Resolving this requires understanding what specifically was leading to people to use the shortcut over the official process. In the end, we determined that it was a mixture of not always knowing who specifically was oncall, having trouble seeing the progress of the queue, and often being unaware of the process because they so rarely used it. By targeting the root cause of each issue, we were able to put a stop to the behaviour.
Scope and expectations need to be as crystal clear
Another stepping stone was clarity of scope and expectations. What specifically should you respond to and what don’t you? It seems easy enough but you very quickly learn the nuances to what people consider important issues. We all know a database going offline is bad. But what about rising CPU usage or a full disk? What about when the preproduction environment becomes fully unusable on a public holiday that only affects your team, but not the developers in a different country, who are now blocked from most forms of their work?
Personally, I found that these issues were resolved best on a case by case basis, while also building up a strong historical precedent that the team can rely upon to determine what is and isn’t something to worry about. It’s important that these are documented and communicated, however, so that teams everywhere can also understand what they can expect in terms of coverage and reliability.
Oncall burnout is caused by more than just volume
Oncall can very quickly increase stress and burnout, but it’s important to remember that the sources of burnout aren’t just the sheer volume of alerts. It also comes from things like not knowing if an alert is important or not. This is critical to manage because as engineers receive more and more alerts, a mental map is formed of what needs to be investigated and what can be ignored. This becomes very dangerous if something that was previously not an important alarm (such as CPU usage in a datacentre that’s still being deployed) becomes an actually important alarm (like when that datacentre starts receiving production traffic).

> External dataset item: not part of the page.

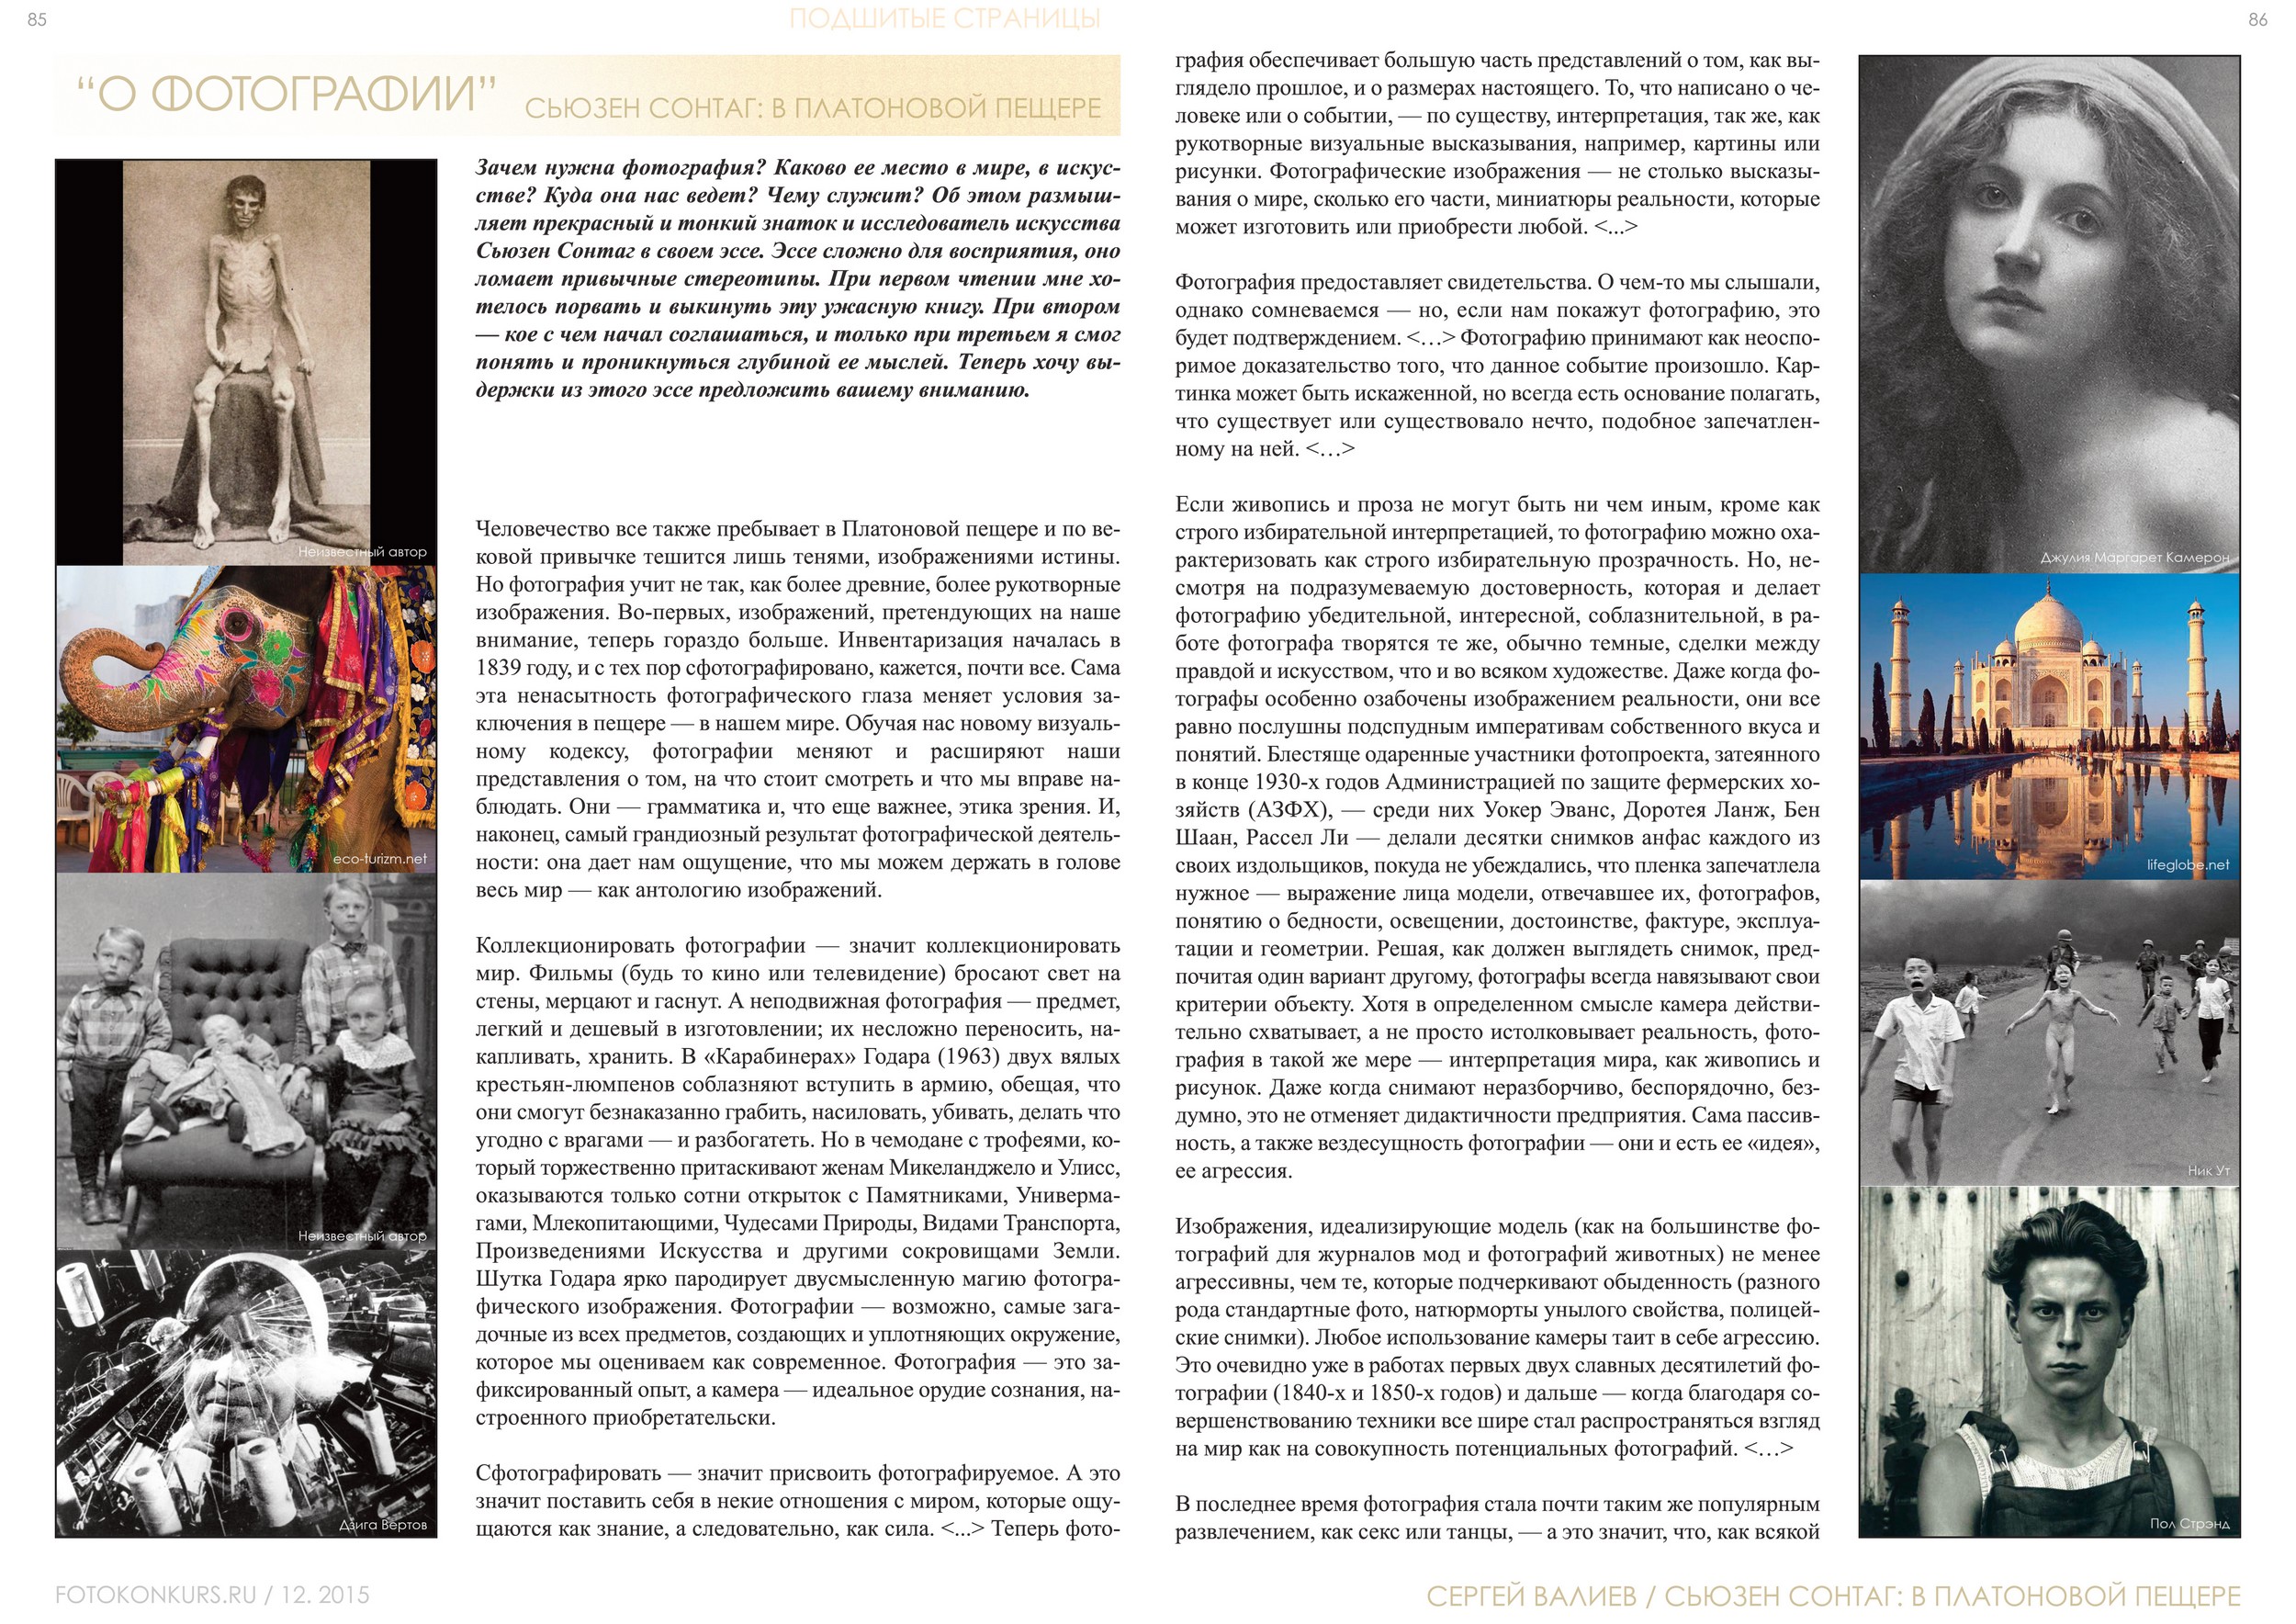 Журнал Фотоконкурс.ру, Выпуск 2, декабрь-2015, страница 85-86

It’s crucial that alerts are more often than not “important messages” rather than a stream of notifications. Finding this line is complex and worthy of an entire book in itself, but in my experience it’s relatively easy to identify the alerts you know aren’t important enough in unto themselves to justify waking up someone for. That gets you enough of the way towards avoiding painful issues with burnout and stress. You’ll probably never reach a peak ideal of alert quality and frequency, but merely trending in the right direction is usually good enough.

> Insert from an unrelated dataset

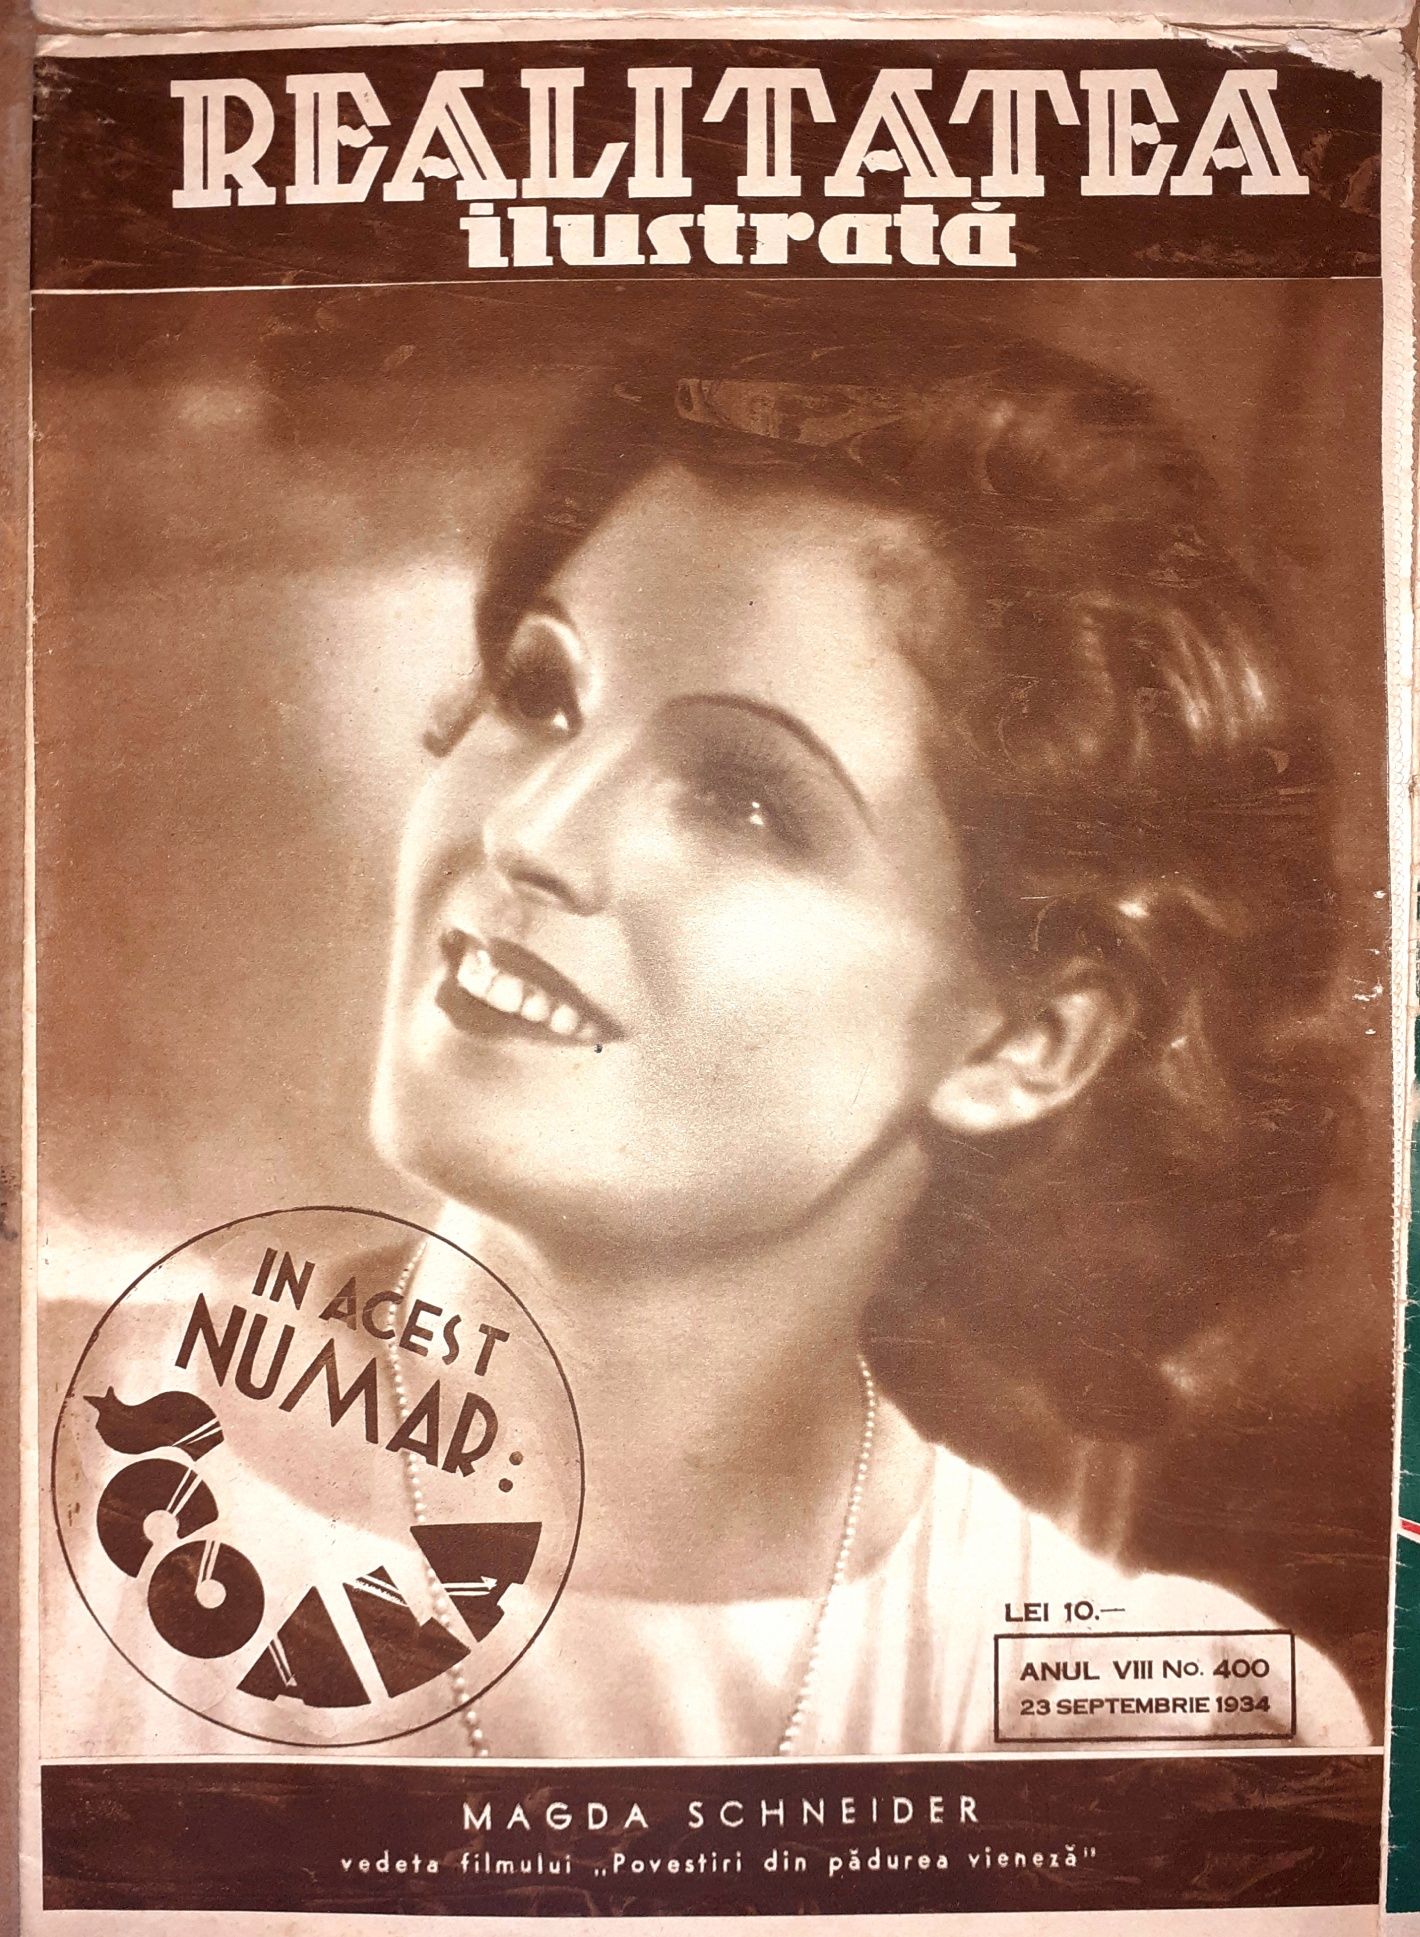 Reviste *Realitatea ilustrată* 1931-1934

No oncall rotation is perfect and there will always be issues to resolve with the process. Each oncall system is unique to the team and environment that it exists in. Maybe you only need coverage from 9-5 because there’s no after hours traffic, or maybe you need somebody actively watching a dashboard due to high SLA expectations. But from my experience there does exist a common set of problems that are guaranteed to cause issues if not prepared for, that aren’t immediately obvious when first setting out, but that can be discovered with careful forethought and planning. Understanding your constraints and needs, and what works well in those limitations, is key to having a positive oncall experience rather than a negative one.